The sleepy town of Goseck, nestled in the district of Weissenfels in the eastern German state of Saxony-Anhalt shimmers under the brutal summer heat, as residents seek respite in the shade.

Nothing in this slumbering locale indicates that one of the most significant archaeological discoveries of all times was made here. But this is indeed exactly where archaeologists digging in the region last September stumbled upon what they believe is Europe’s oldest astronomical observatory ever unearthed.

On Thursday, German experts toasted the discovery as a "milestone in archaeological research" as details of the find were made public. State archaeologist Harald Meller said the site, which is believed to be a monument of ancient cult worship, provided the first insights into the spiritual and religious world of Europe’s earliest farmers. Francois Bertemes of the university of Halle-Wittenberg estimated the site to be around 7,000 years old. He described its significance as "one of the oldest holy sites" discovered in Central Europe.

Through carbon dating of two arrow heads and animal bones found within the site’s circular compounds, archaeologists have been able to determine the date of the site’s origins. They say that with all likelihood it can be traced back to the period between 5000 and 4800 B.C. If that is the case, it would make the Goseck site the oldest-dated astronomical observatory in Europe.

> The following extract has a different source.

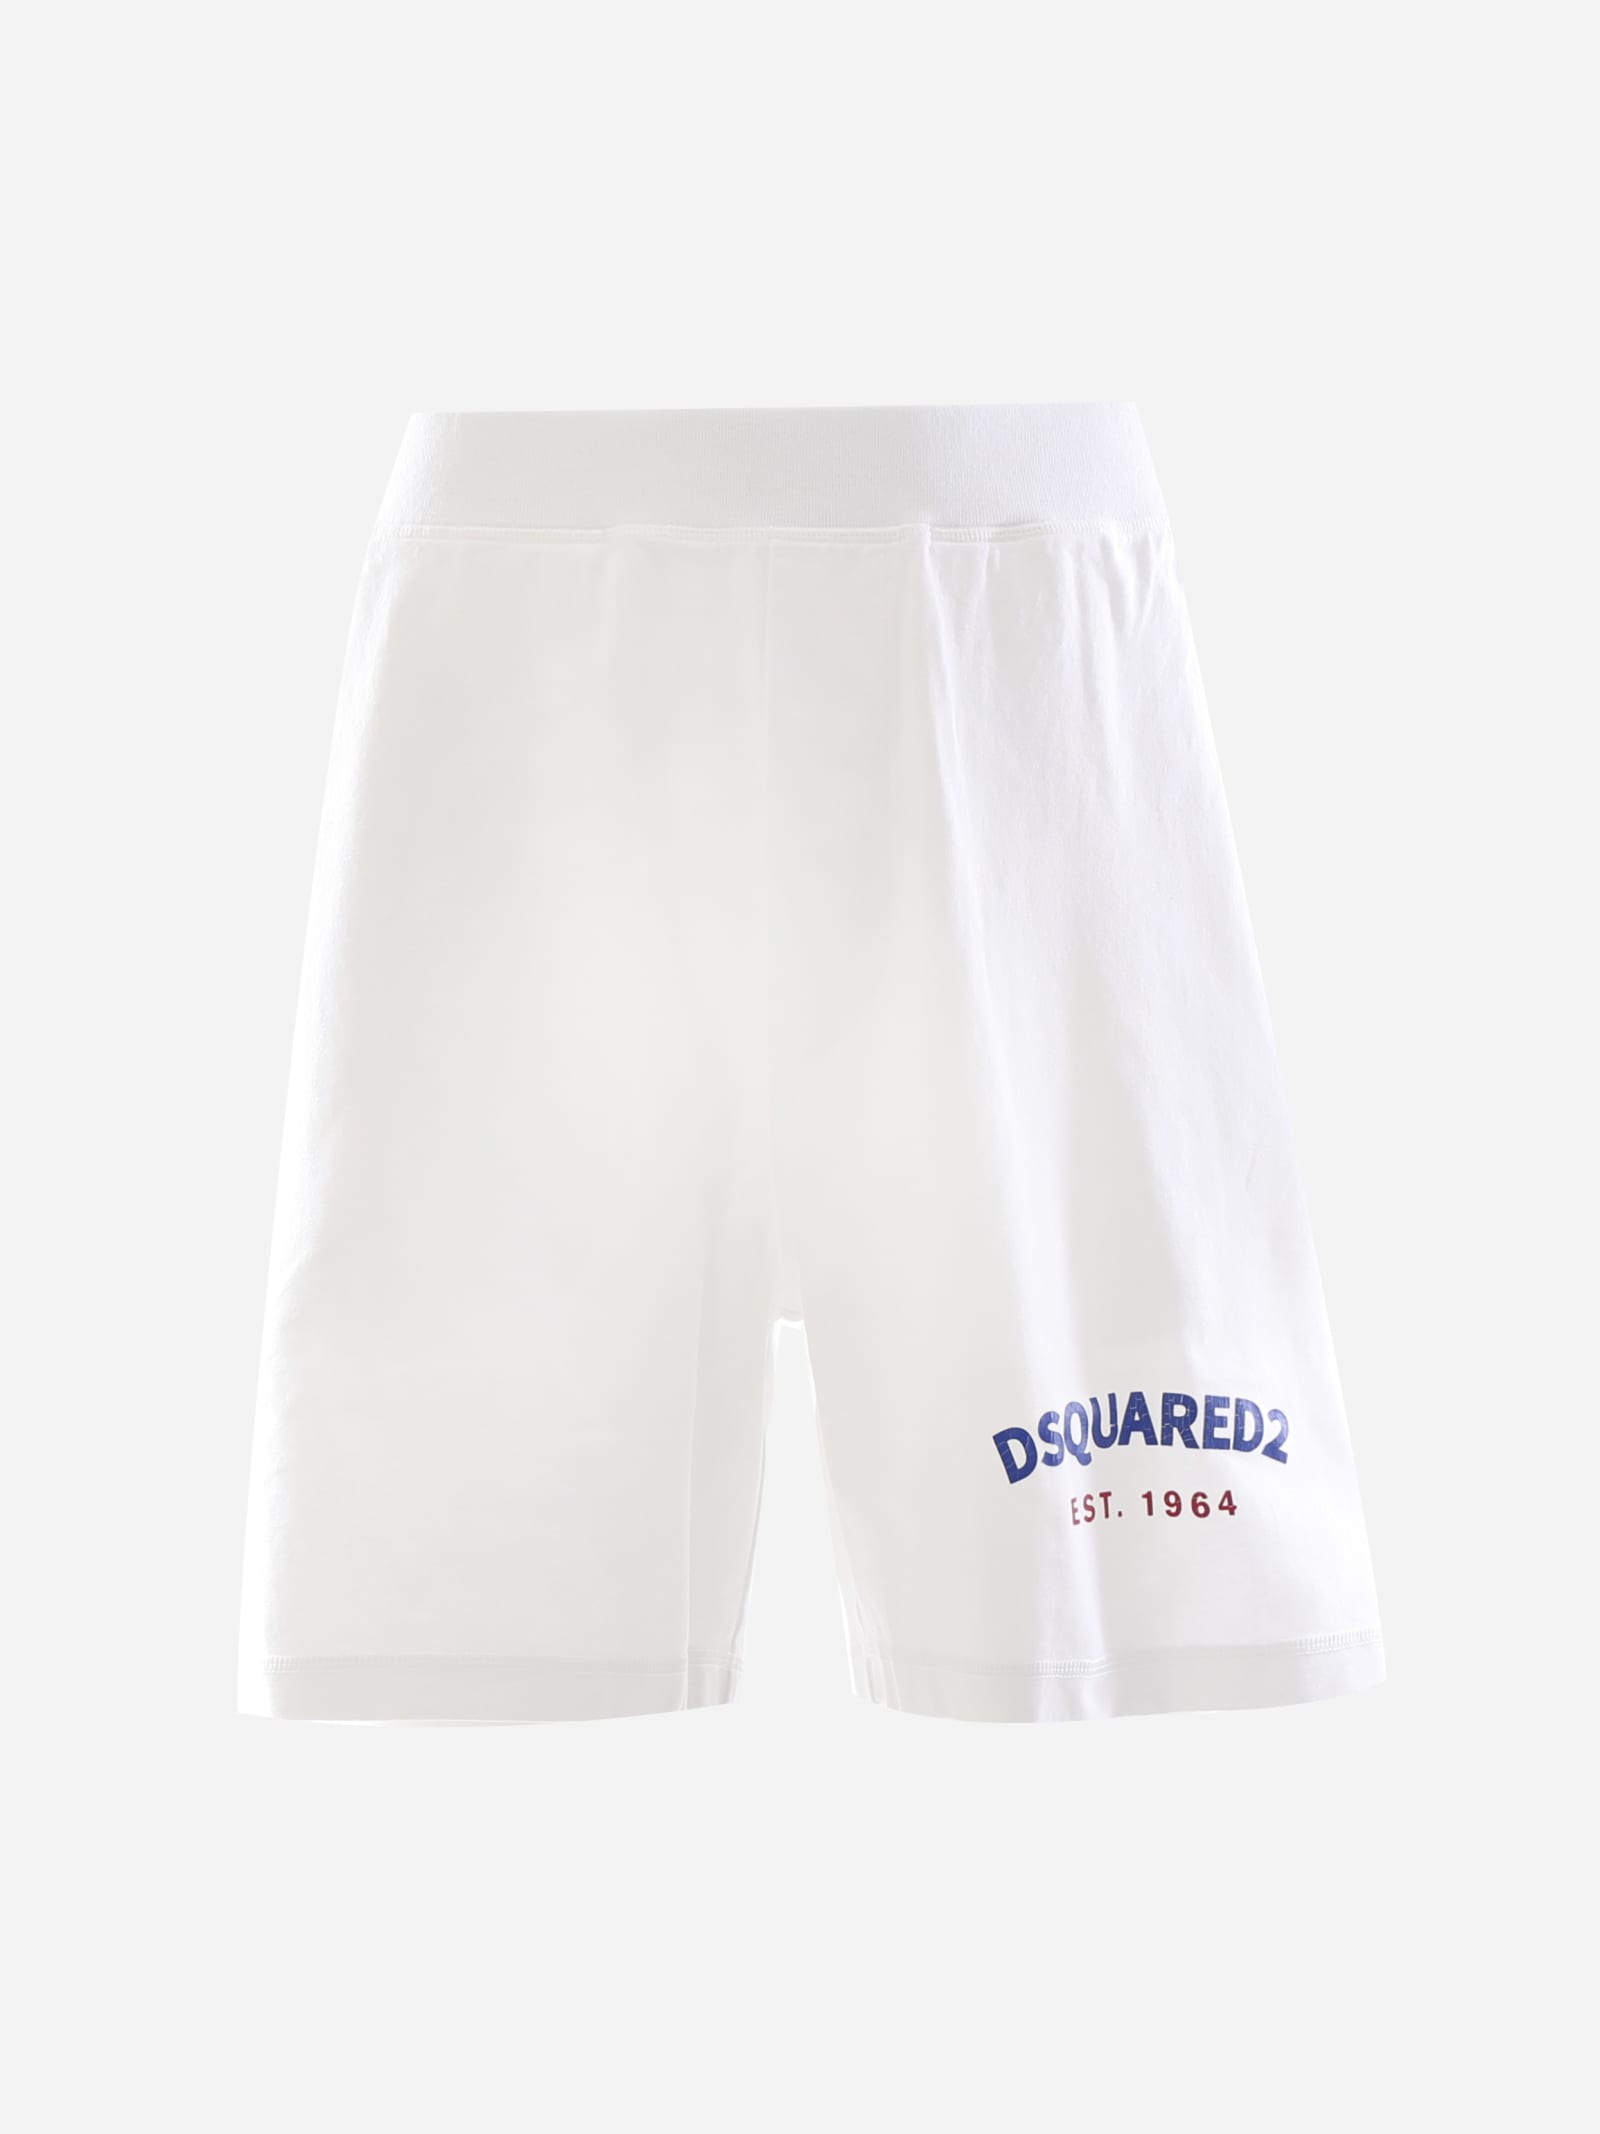 DSQUARED2 COTTON SHORTS WITH LOGO PRINT,S71MU0622 S23851100

Observatory had scientific and religious value

But it’s not just its age that makes the Goseck location so unusual.

Compared to the approximately 200 other similar prehistoric mound sites strewn throughout Europe, the Goseck site has striking deviations. Instead of the usual four gates leading into the circular compounds, the Goseck monument has just three. The walled-compound also consists of an unusual formation of concentric rings of man-high wooden palisades. The rings and the gates into the inner circles become narrower as one progresses to the center, indicating perhaps that only a few people could enter the inner-most ring.

Wolfhard Schlosser of the Ruhr University Bochum believes the site's unique construction indicates that it is indeed one of the earliest examples of an astrological observatory.

Schlosser, a specialist in astro-archeology, says the southern gates marked the sunrise and sunset of the winter and summer solstice and enabled the early Europeans to determine with accuracy the course of the sun as it moved across the heavens. Schlosser is convinced the site was constructed for the observation of astronomical phenomena such as the movements of the sun, moon and stars, and for keeping track of time. These celestial cycles would have been important for the sowing and harvesting of crops in the early civilization.

But, Goseck isn’t merely a "calendar construction," Schlosser explains, "but rather is clearly a sacred building." Archeologists have found plenty of evidence to prove that Goseck was a place of prehistoric cult worship. The arrangement of human bones, for instance, is atypical of burial sites, and telltale cut marks on them indicate that human sacrifice was practiced at the site.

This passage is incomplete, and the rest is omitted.